Nursing specialists study technology that can help all kinds of patients By Anna Hoffman
When Robert Lucero’s great-grandmother fell at home and fractured her hip, it set off a rapid decline in health that left her dead within days.
That experience ignited a passion in Lucero, a UF College of Nursing associate professor, to ensure that other families do not have to suffer the same experience, especially while their loved ones are hospitalized.
Falls are the most common type of hospital-acquired illness, also known as iatrogenic conditions. In the United States, between 700,000 and 1 million falls occur in hospitals annually, resulting in an estimated $50 billion in medical costs.

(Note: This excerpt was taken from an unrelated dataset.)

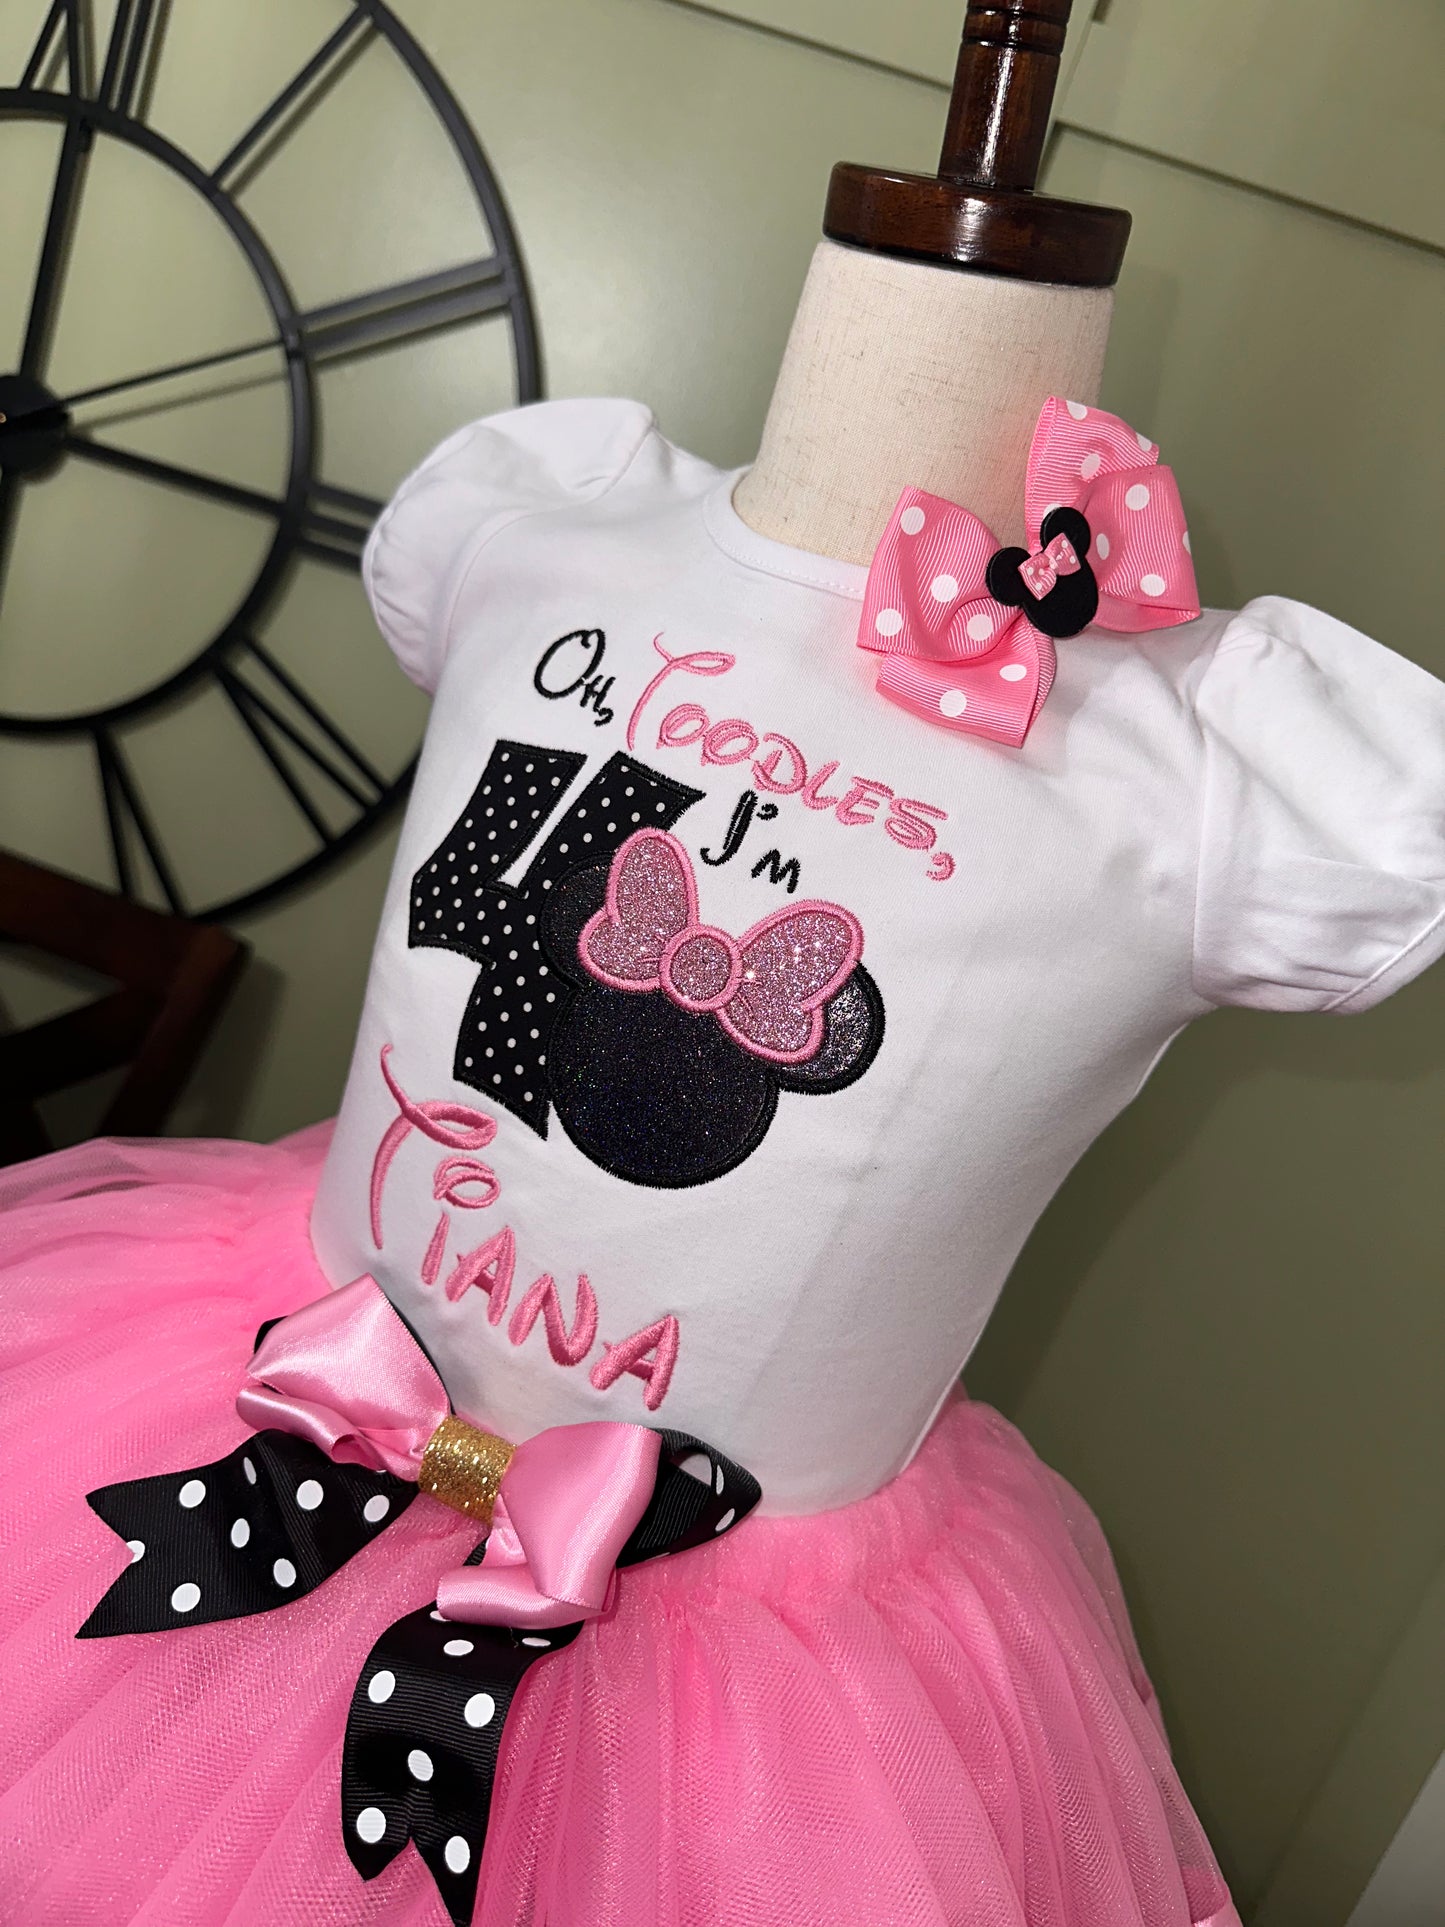 Minnie mouse birthday outfit with embroidered minnie mouse shirt

Lucero has dedicated his career to identifying factors that contribute to hospital-acquired falls and figuring out how to reduce or eliminate them.
“As nurses, it is our responsibility to be the surveillance system for patients to maintain their safety when they are hospitalized,” Lucero says. “People like my great-grandmother are vulnerable to the environment they are in when they are hospitalized. The responsibility of the health care provider is to ensure the patients’ safety, because consequences can be emotionally and physically debilitating, as well as even life-threatening.”
Lucero and College of Nursing Assistant Professor Ragnhildur I. Bjarnadottir believe answers to preventing hospital-acquired falls can be found in nurses’ progress notes, unstructured data within electronic health records, or EHRs, that is not commonly examined but that they believe can be analyzed using text-mining and data science to reveal new fall risk factors.
Lucero and his colleagues started their research by focusing on structured data within patients’ EHRs – like their blood chemistry and the medications they were taking. They compared the EHRs of adult patients who experienced a fall during hospitalization to those who did not and identified several new factors that influence the risk of falling, including hemoglobin level, severity of illness, the number and types of drugs taken and the need for physical therapy, as well as the nurse skill mix and staffing. Based on these results, his team developed an educational infographic to guide nursing staff, families and patients toward reducing hospital-acquired falls.
But as much as 80 percent of electronic health data is unstructured text – like nurses’ progress notes. These can be a rich source of information because RNs routinely record narrative observations and assessments of patients and their environment. The process of analyzing narrative text data is complex, but it is critical to identifying patterns and attributes associated with hospital-acquired falls and hospital-induced delirium, Lucero says.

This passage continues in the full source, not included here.